Side Bar: Let's work out the math for sorcerer empowered spell + flames of phelegothos
I want to do a fireball + firebolt sorcerer build and get the math right. I'm thinking empowered spell will be worth more damage than heightened but computing the reroll abilities is hard.
How does empowered and flames of phelogothos work together?
I think it depends whether you consider the rerolls you are doing to be "rolling damage", and whether "you must use the new rolls" overrides the text of the other ability that lets you reroll. If no to the first or yes to the second, FoP just lets you reroll 1s without counting those dice toward the CHA mod number of dice you get to reroll.
But I think it makes to allow the abilities to daisy chain: use empowered spell to reroll everything below average first, then any 1s that remain, reroll those using FoP.
Let's first ignore the limitations on the number of dice you can reroll, and work out the expected value of a single die using both abilities.
With Empowered alone, a d6 has a 1/2 chance of being rerolled, and a 1/2 chance of not being rerolled. If it's not rerolled, its expected value is 1/3 * (4 + 5 + 6) = 5. If it is rerolled, without FoP, its expected value is 3.5. So overall its expected value is 1/2 * 3.5 + 1/2 * 5 = 4.25.
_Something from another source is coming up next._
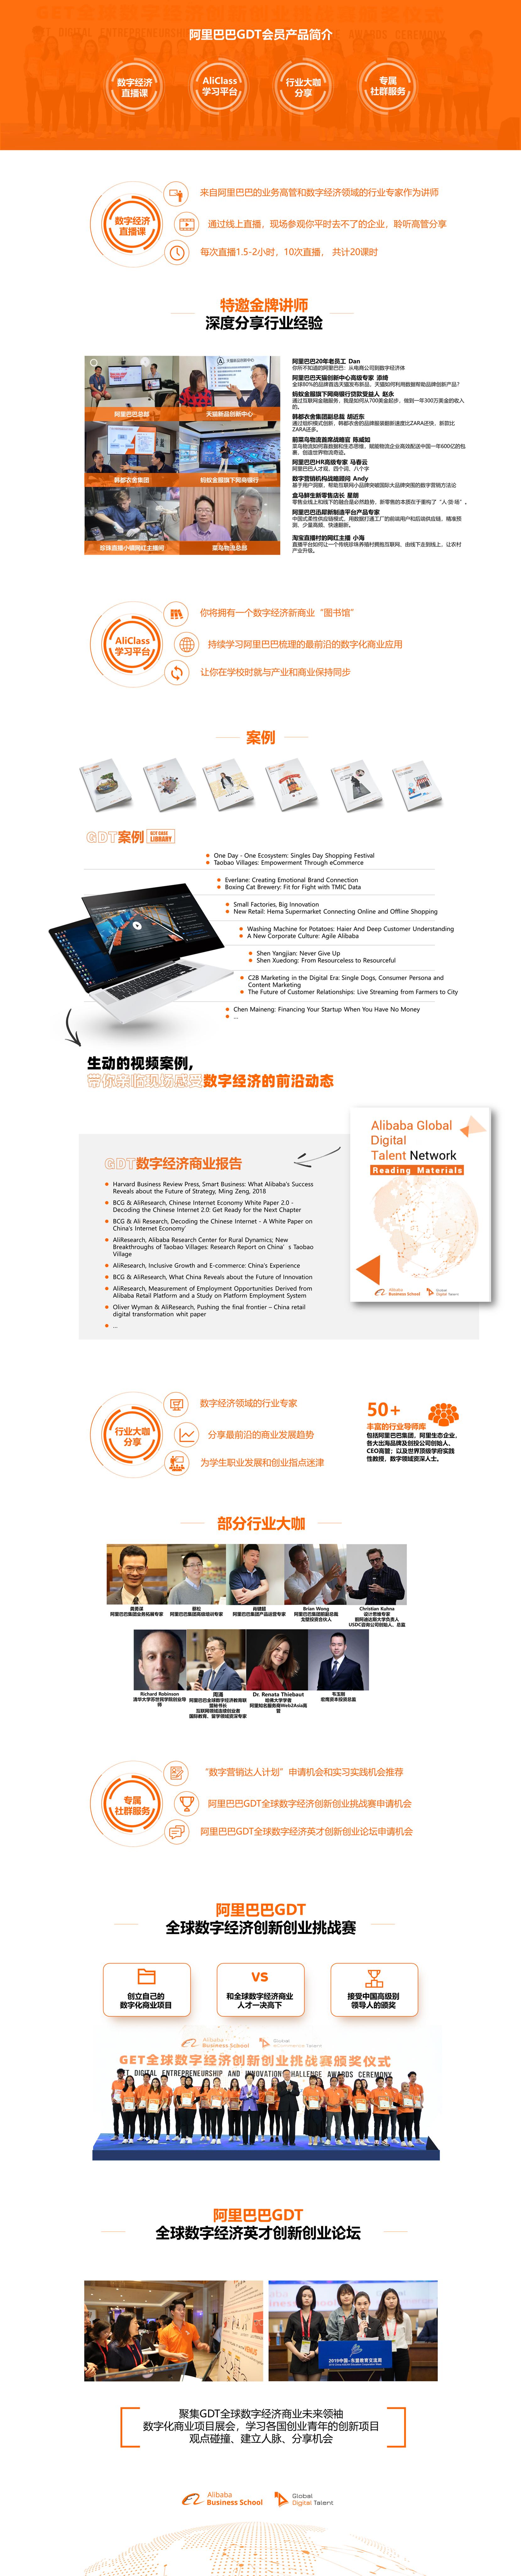 阿里巴巴全球数字英才课程 Alibaba Global Digital Talent Programme (GDT Programme), as known as Alibaba e-Commerce Talent Programme (GET Programme).

With FoP alone, there's a 1/6 chance the die is a 1, and therefore gets rerolled, with an expected value of 3.5. There's a 5/6 chance it isn't, with an expected value of 1/5 * (2 + 3 + 4 + 5 + 6) = 4. So overall we get an expected value of 1/6 * 3.5 + 5/6 * 4 = 3.92.
Nesting FoP into Empowered, we get
1/2 * 3.92 + 1/2 * 5 = 4.46
But, if you're using empowered spell on a fireball, you might have more dice that are below average than you are allowed to reroll.
Suppose your CHA mod is 4.
Strictly speaking we need to consider each case separately, from 1 die below average to all 8, because conditioning on the number of dice you are rerolling changes the expected value of the remaining dice.
Dice that are rerolled have an expected value of 4.46; dice that aren't rerolled but could have been have an expected value of 5. Dice that aren't rerolled because we couldn't afford to reroll them have a really complicated expected value that depends on the number of other dice in this category, since we'll obviously reroll the lowest ones first.
The distribution of the number of dice, k, that we would want to reroll is just a binomial, with n = 8 and p = 1/2.
For k = 1 through 4, the expected value of the fireball is just:
k * 4.46 + (8 - k) * 5
For k = 5, the 5th die will usually be a 3 (probability nearly 87% there is at least one, from the Binomial(5,1/3)), but will sometimes be a 2 (probability nearly 13%). So ignoring the 0.4% chance that all 5 are 1s, the 5th die has an expected value of 0.87 * 3 + 0.13 * 2 = 2.87.
Then it gets hairier, since with k = 6, we need to consider the highest die and the second highest die separately...
To be honest, it gets complex enough at that point that it seems like just doing the simulation is the easiest way to go.